● The data:
· · · ·

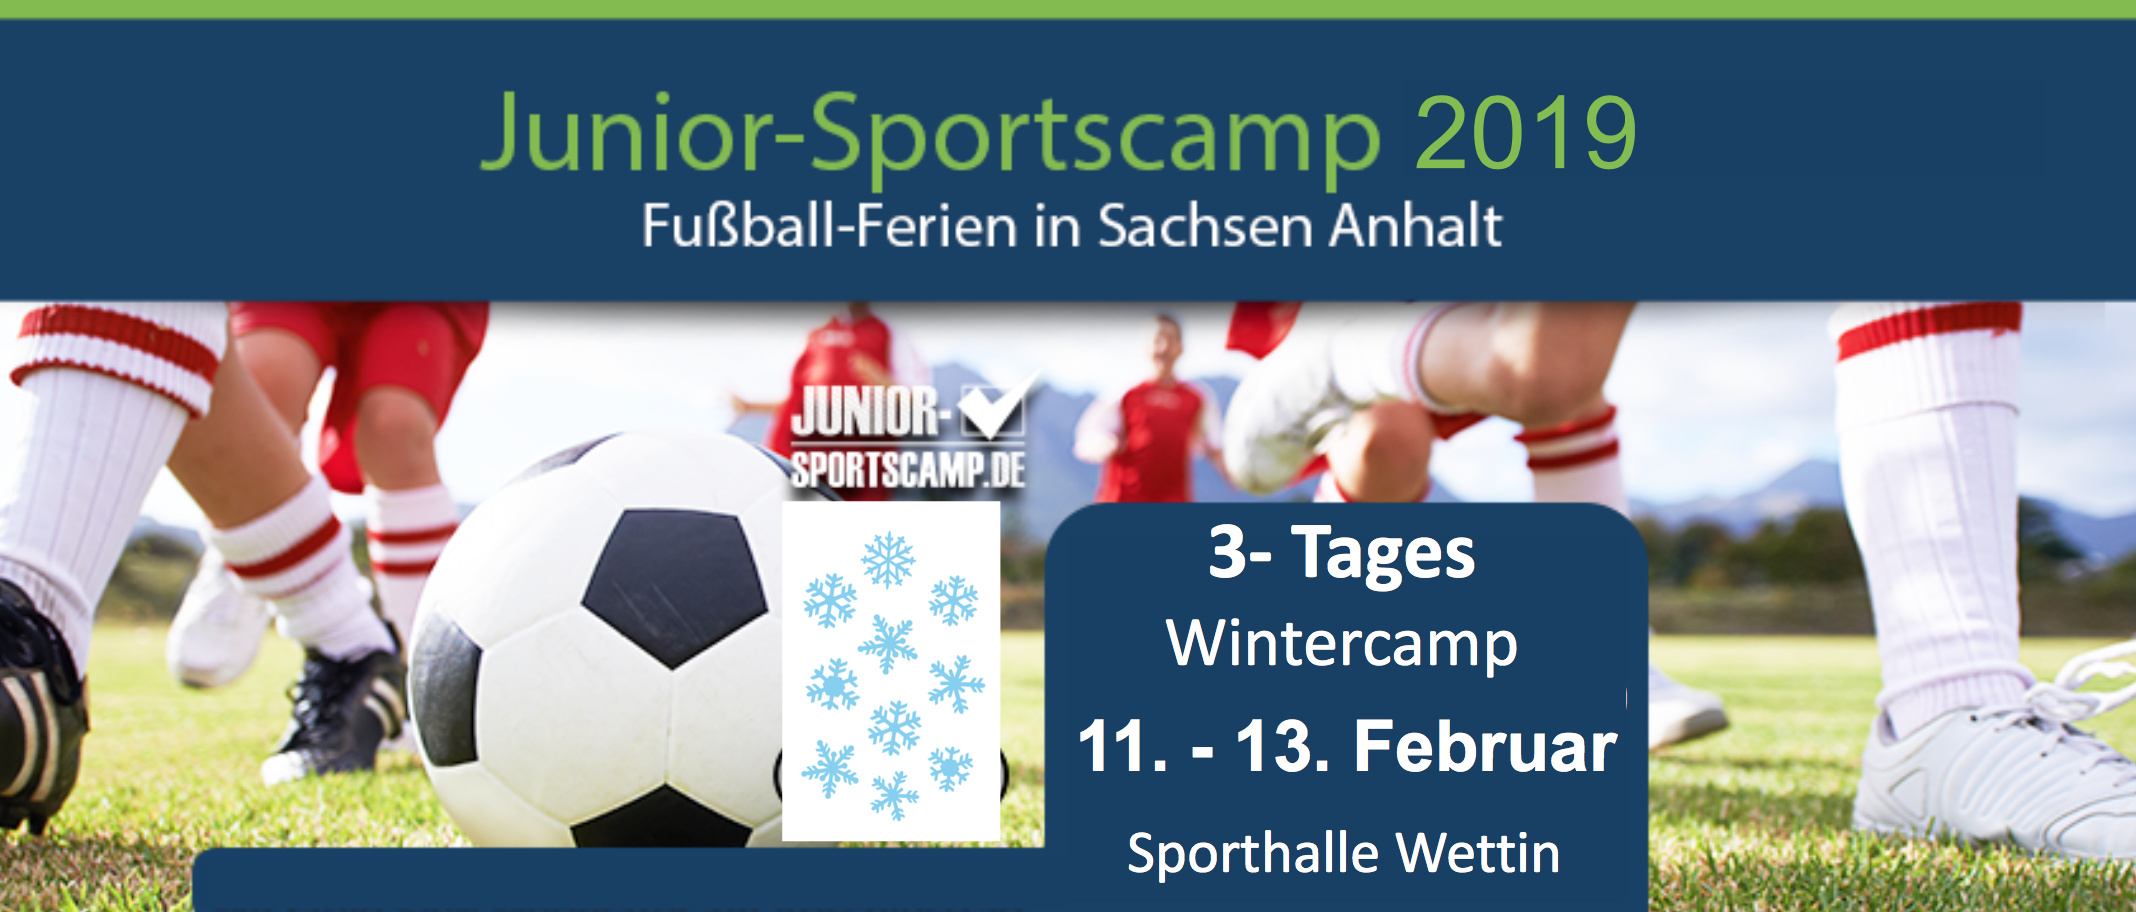 Wintercamp.Wettin.11.-13.02.19
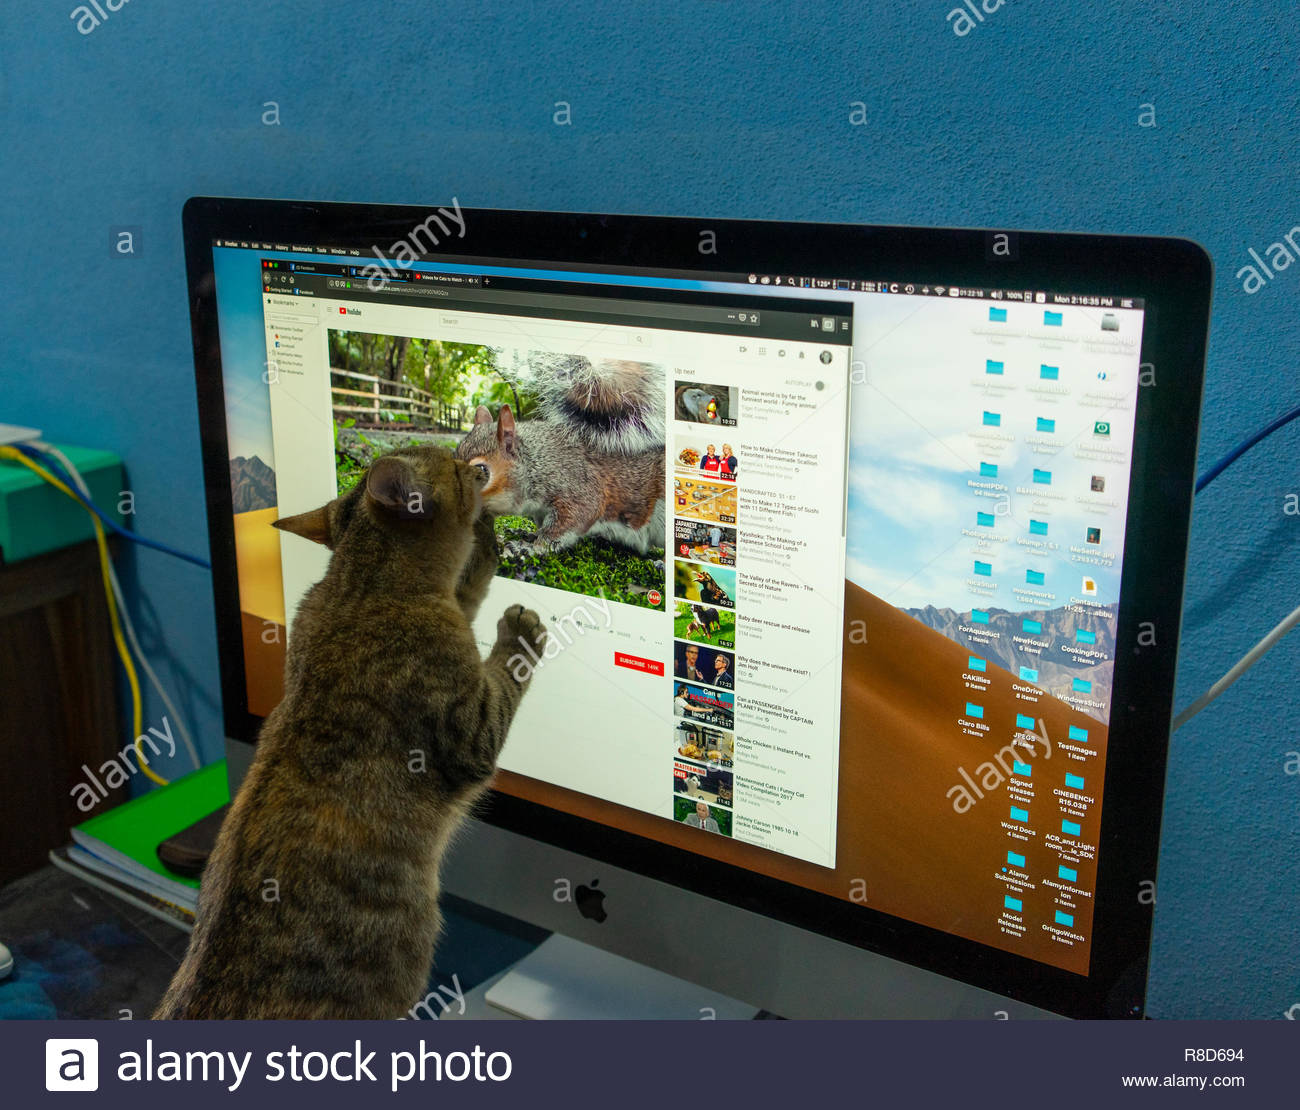 cat-attacks-a-youtube-squirrel-in-a-vide
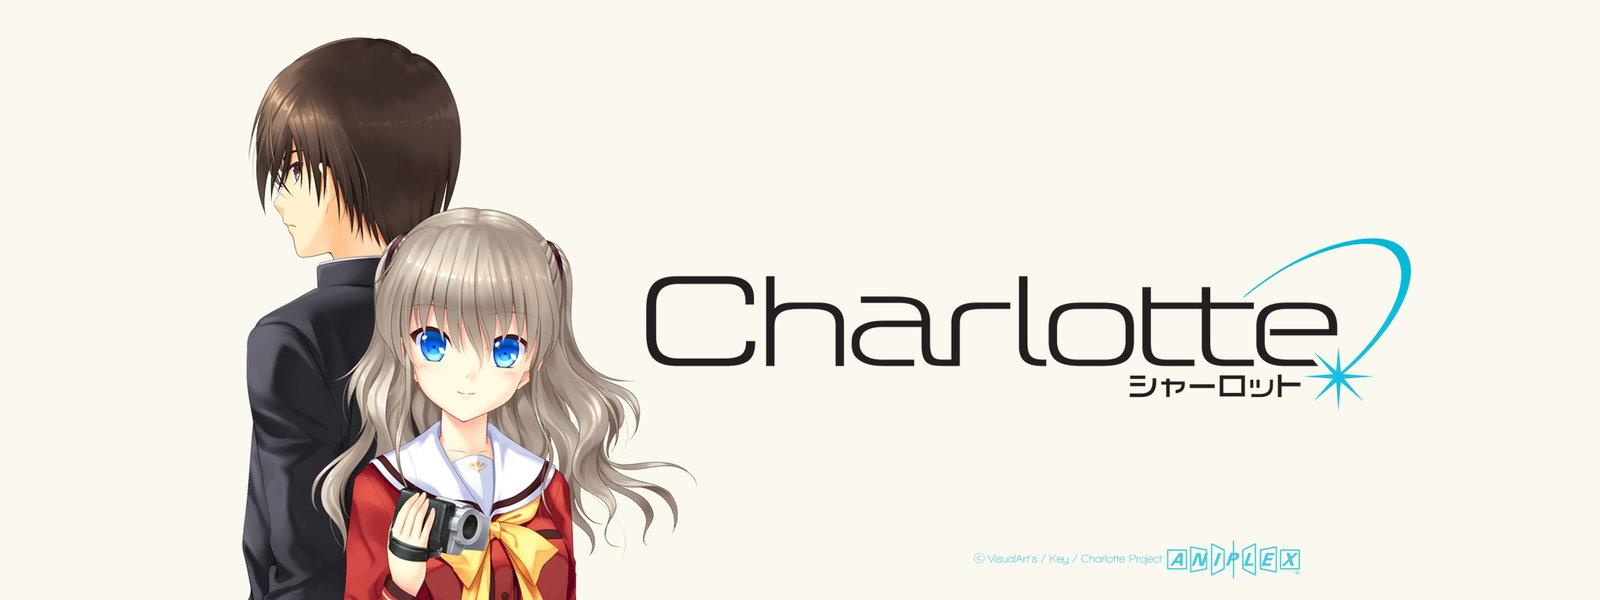 Watch Charlotte Online | Stream on Hulu

· · · ·

● What needs to be done: Will you repeat the material above, but only from the line containing "cat-attacks-a-youtube-squirrel-in-a-vide" through its last line, exactly and without the pictures?

● Answer space:
 cat-attacks-a-youtube-squirrel-in-a-vide
 Watch Charlotte Online | Stream on Hulu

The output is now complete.